The Design of machine parts of diverse shapes and sizes has been one of the major goals in the manufacturing industry. Despite the complexity of the geometry of machining workpieces in various products such as engine blocks, impeller blades, etc., high-precision machine tools are required to attain a satisfactory and high accuracy, surface definition, tolerance, and repeatability, whereas programming effort, amount of fixturing, and the required motions are simplified by multi-axis machines. However, the most relevant measure of performance is accuracy; performance optimization ability by controlling or minimizing error at a maintaining cost is very important in the machine tool industry [1]–[5]. The five-axis machine tool has two rotary axes in addition to the three linear axes of the conventional three-axis machine. There should be the capability of the rotary device to support the weight of the part and/or the fixture, which is a relevant feature in considering rapid movements. However, the two rotary axes quickly introduce more errors (random or/and systematic errors) which are more difficult to identify, eliminate, or compensate for than the linear axes [6], [7].
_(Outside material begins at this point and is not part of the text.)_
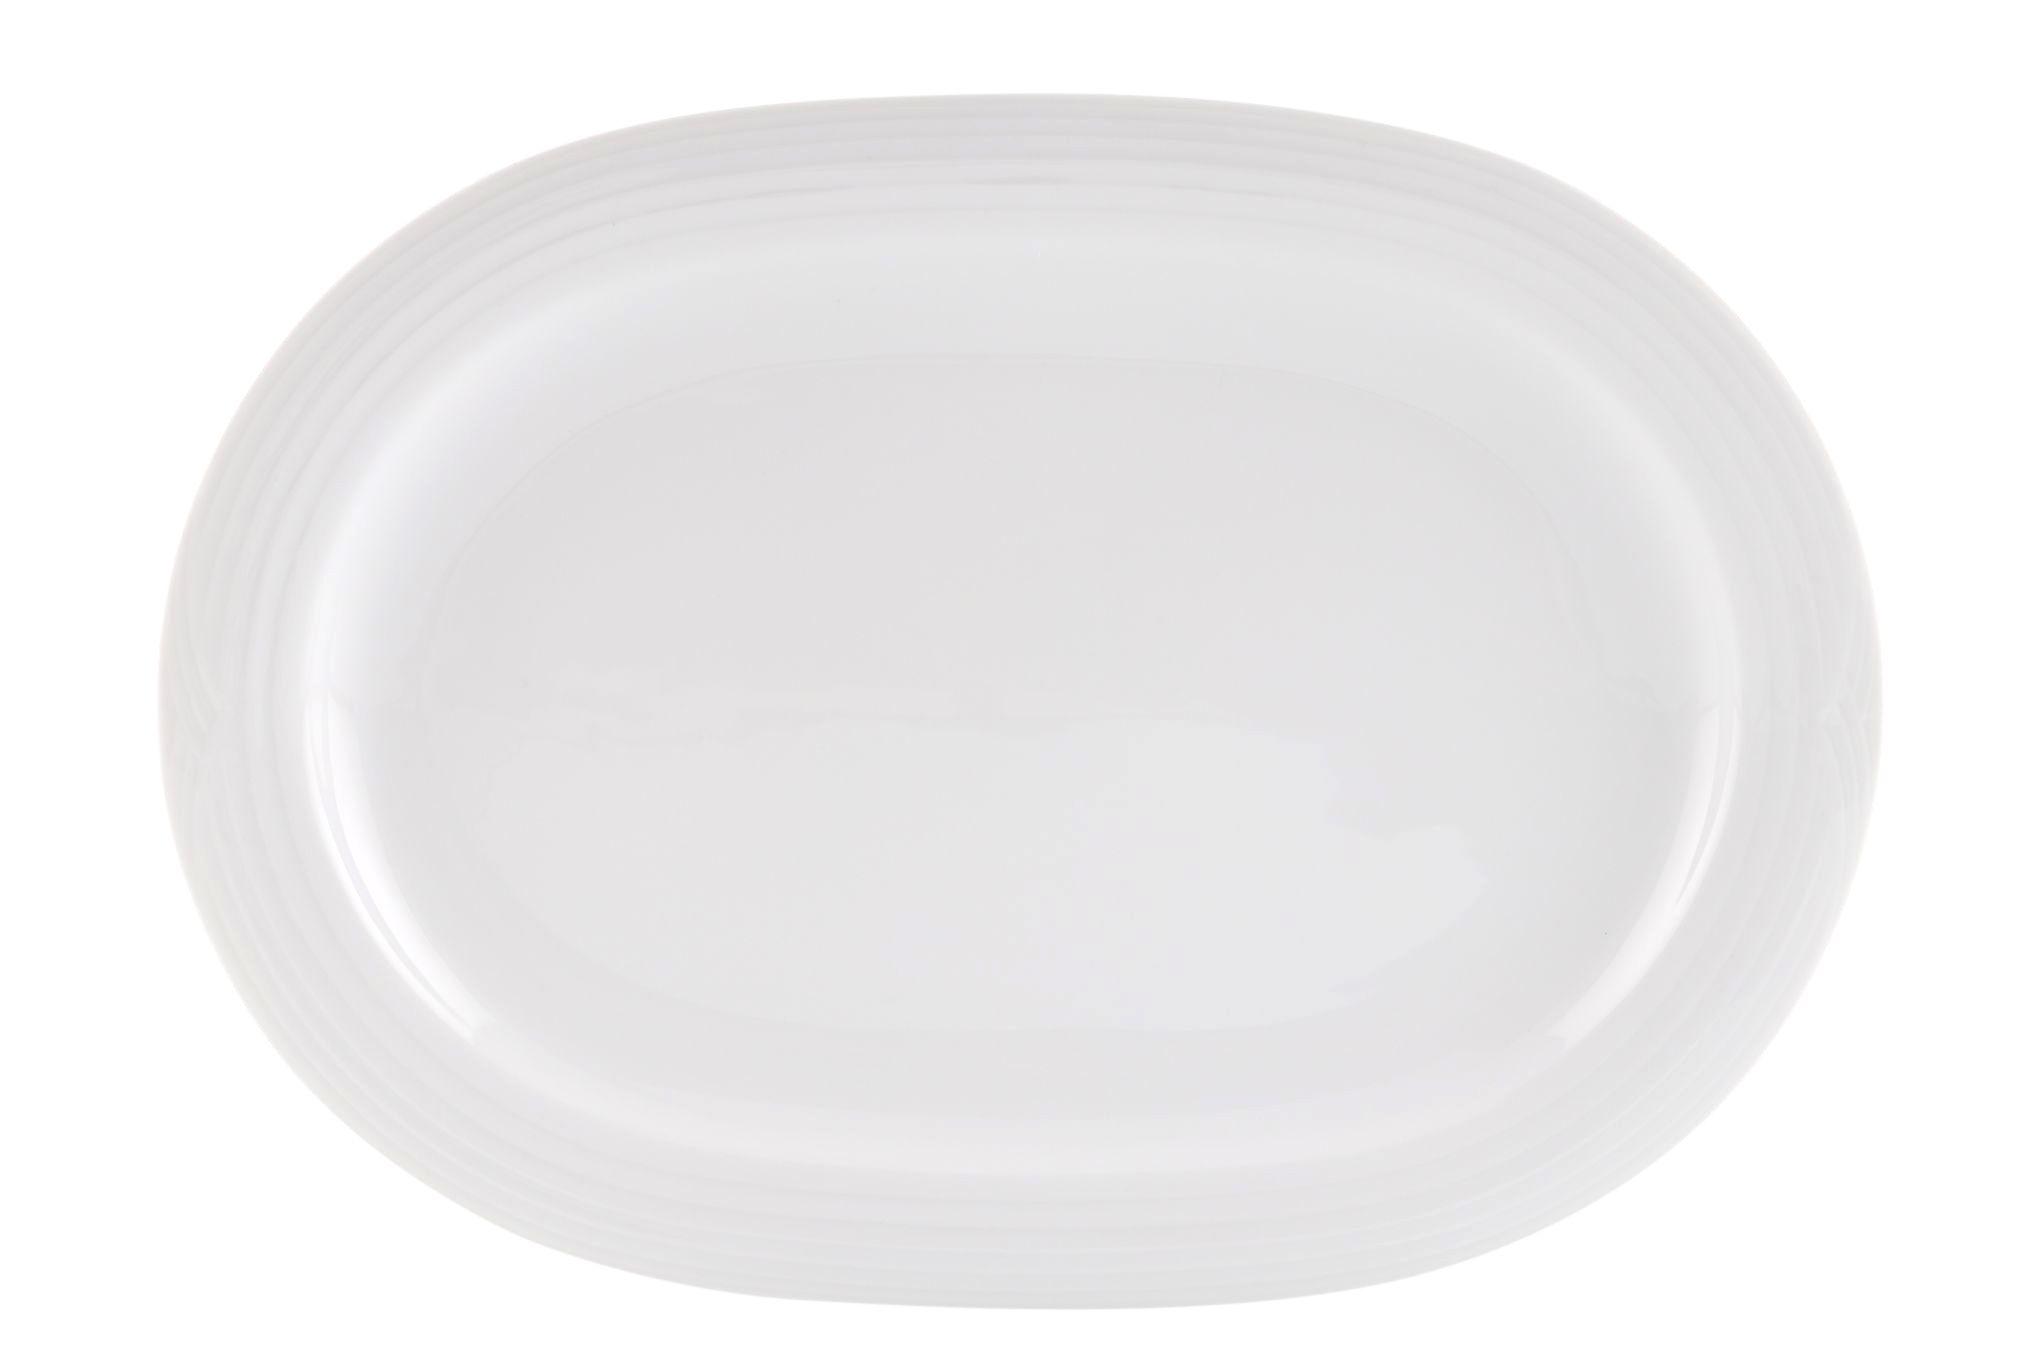 Noritake Arctic White Oval Plate / Platter 35.6cm thumb 1

In micro-features machining, the accuracy is affected by four main error sources: thermal errors, force-induced errors (FIEs), geometric errors, and control system errors [8], [9]. Though the thermal and geometric errors contribute about 70% of the total machine errors, however, 25–50% of the total machine errors are alone contributed by the geometric errors making it to be the principal error source during machining [10]. The geometric errors occur due to axes component shift and axes line shift, the deformation of the machine components (cutting tool, machine body, axes, spindle holder, and spindle) causes the FIEs which continuously varies as a result of the variations in the cutting conditions, and the machine tool and its ambient temperature (during operation) contribute to the thermal errors [8]–[11].
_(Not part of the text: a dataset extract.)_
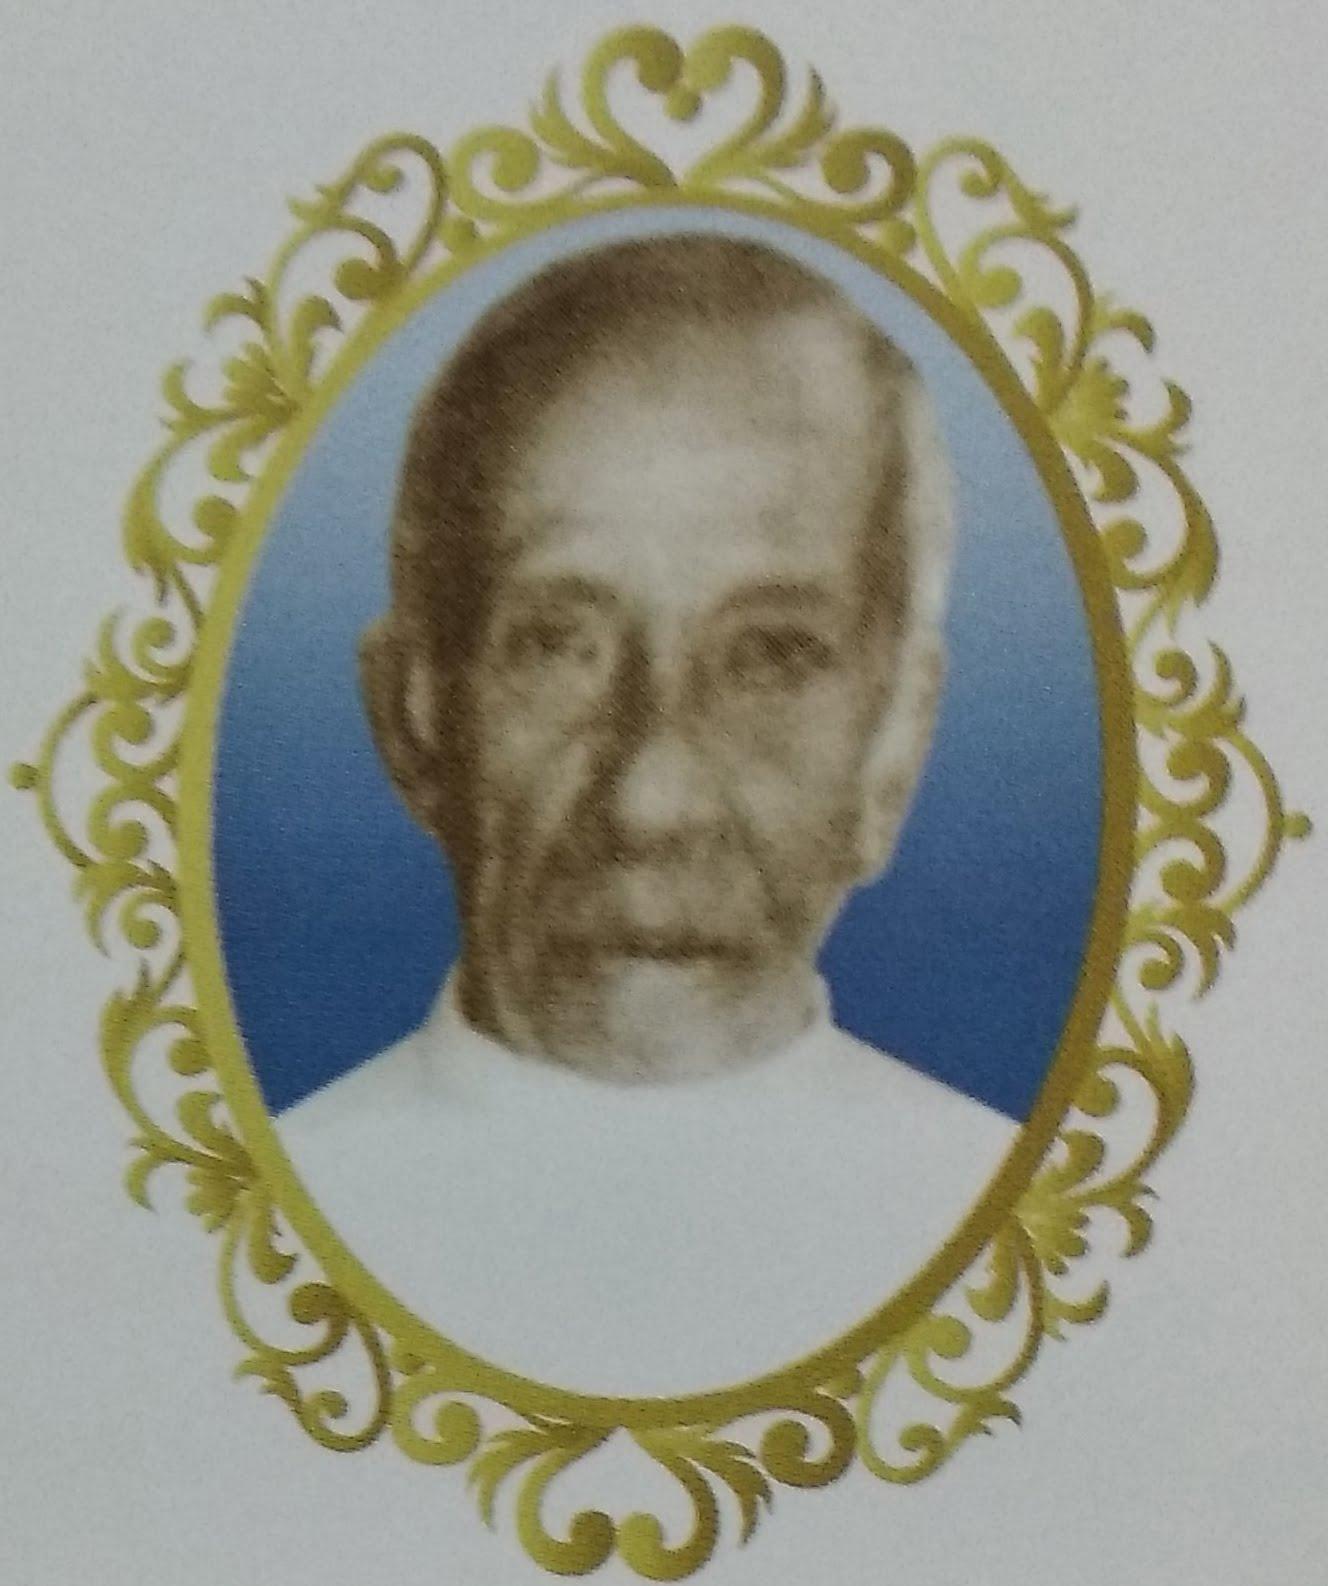 Fr. John Variath

The geometric errors are classified into (i) Position-independent geometric errors (PIGEs): also known as the link errors are caused by imperfections in the machine assembly, hence, they are consistent, systematic, and significant (ii) Position-dependence geometric errors (PDGEs): motion axis or the controlled axis caused by component defects [10], [12]–[14]. There are 13 PIGEs in a five-axis machine tool consisting of three squareness errors in the three linear axes, two squareness/angular, and two-position/offset errors in each of the rotary axes, and two squareness errors in the spindle axis for machine tools with tilting head and 11 PIGEs for those with tilting rotary table [15], [16].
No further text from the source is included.